## STORED DATA
|---|
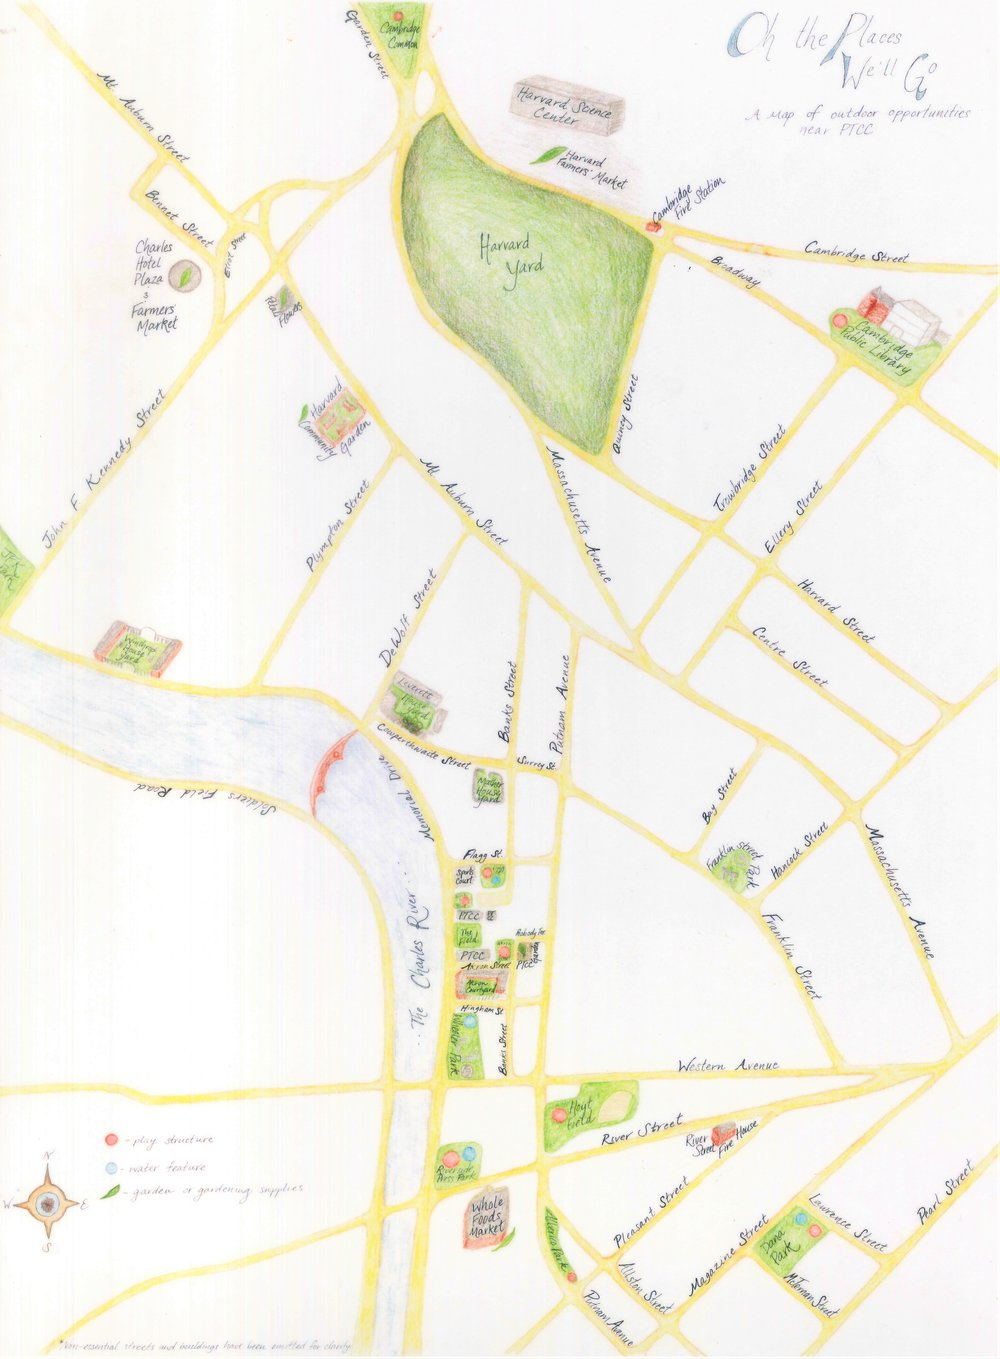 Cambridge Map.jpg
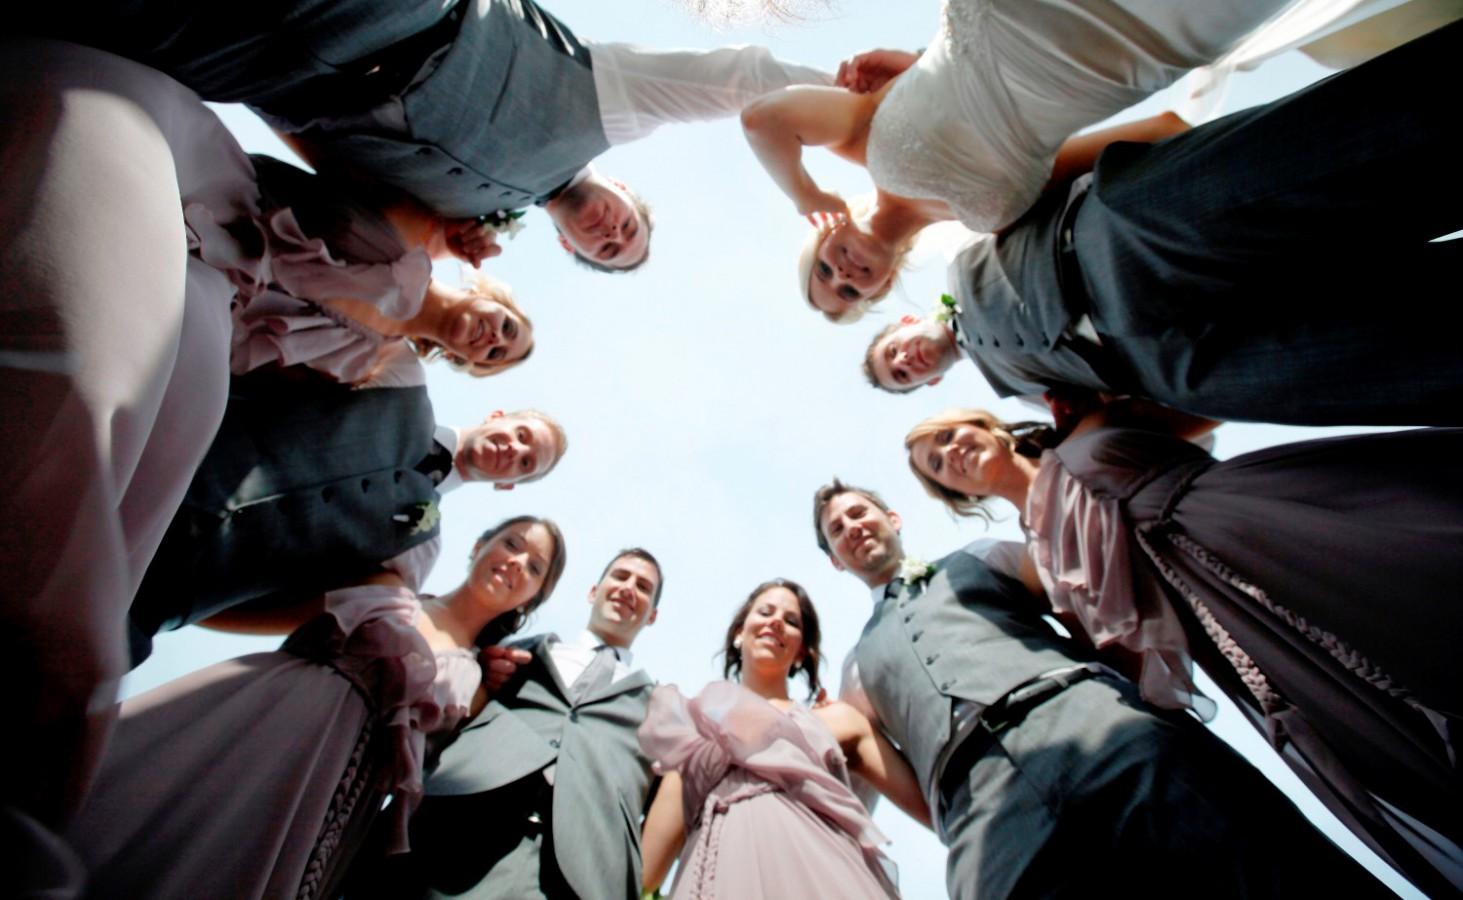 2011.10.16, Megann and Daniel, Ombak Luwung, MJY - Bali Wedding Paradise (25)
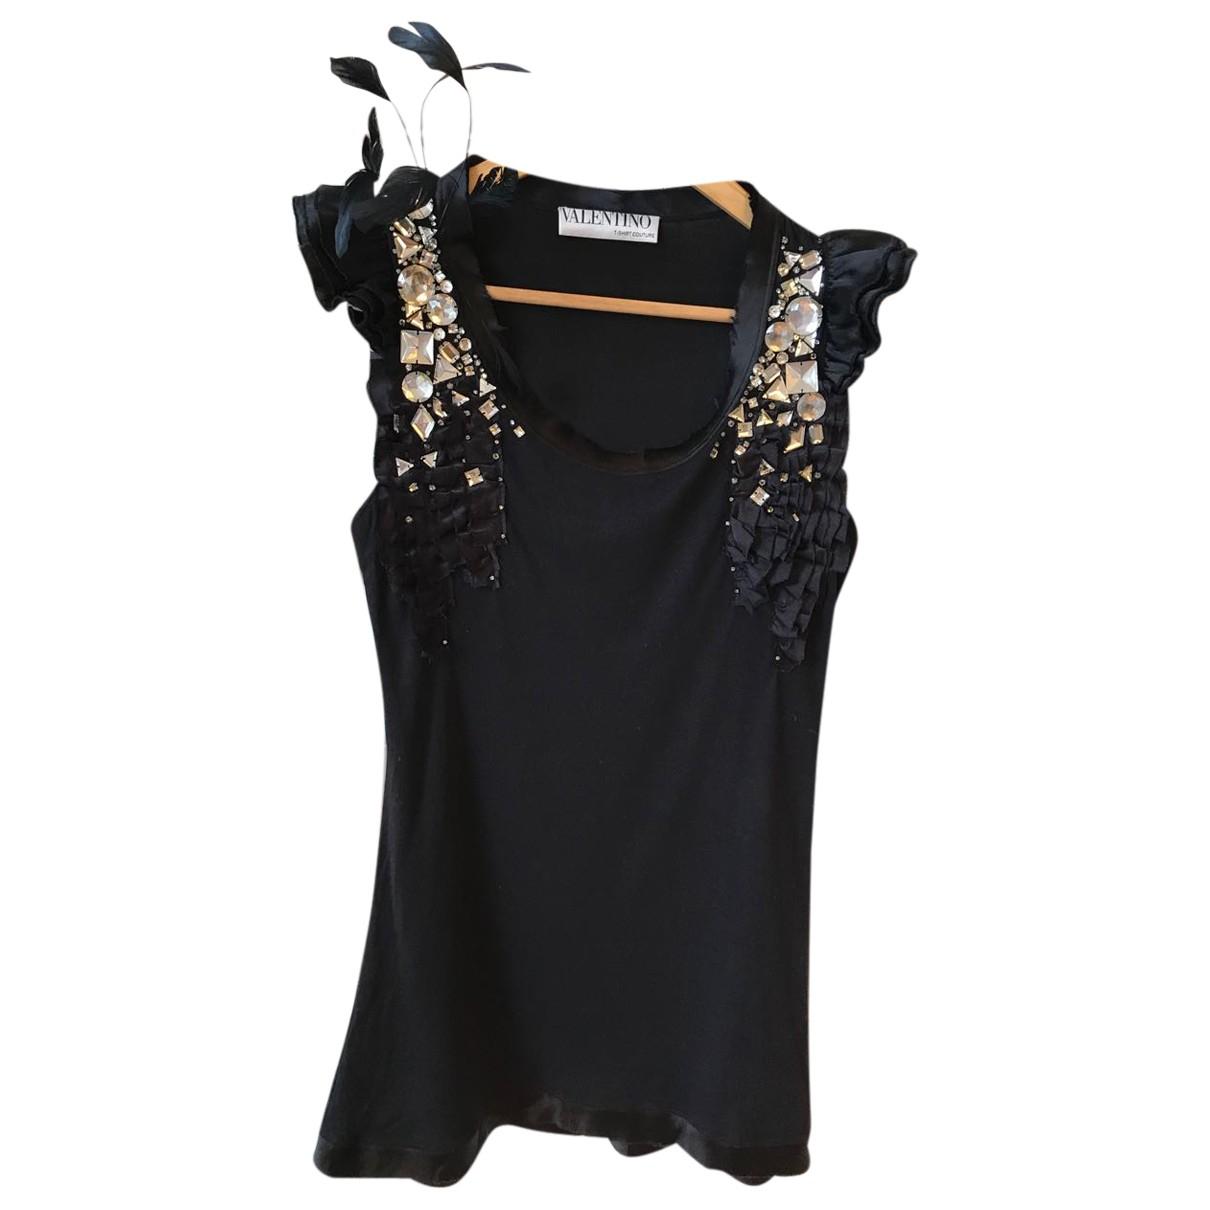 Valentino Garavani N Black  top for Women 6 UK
|---|
## WHAT YOU WILL DO
Copy the listing above word for word. Do not include the pictures.

## OUTPUT OF THE TASK
 Cambridge Map.jpg
 2011.10.16, Megann and Daniel, Ombak Luwung, MJY - Bali Wedding Paradise (25)
 Valentino Garavani N Black  top for Women 6 UK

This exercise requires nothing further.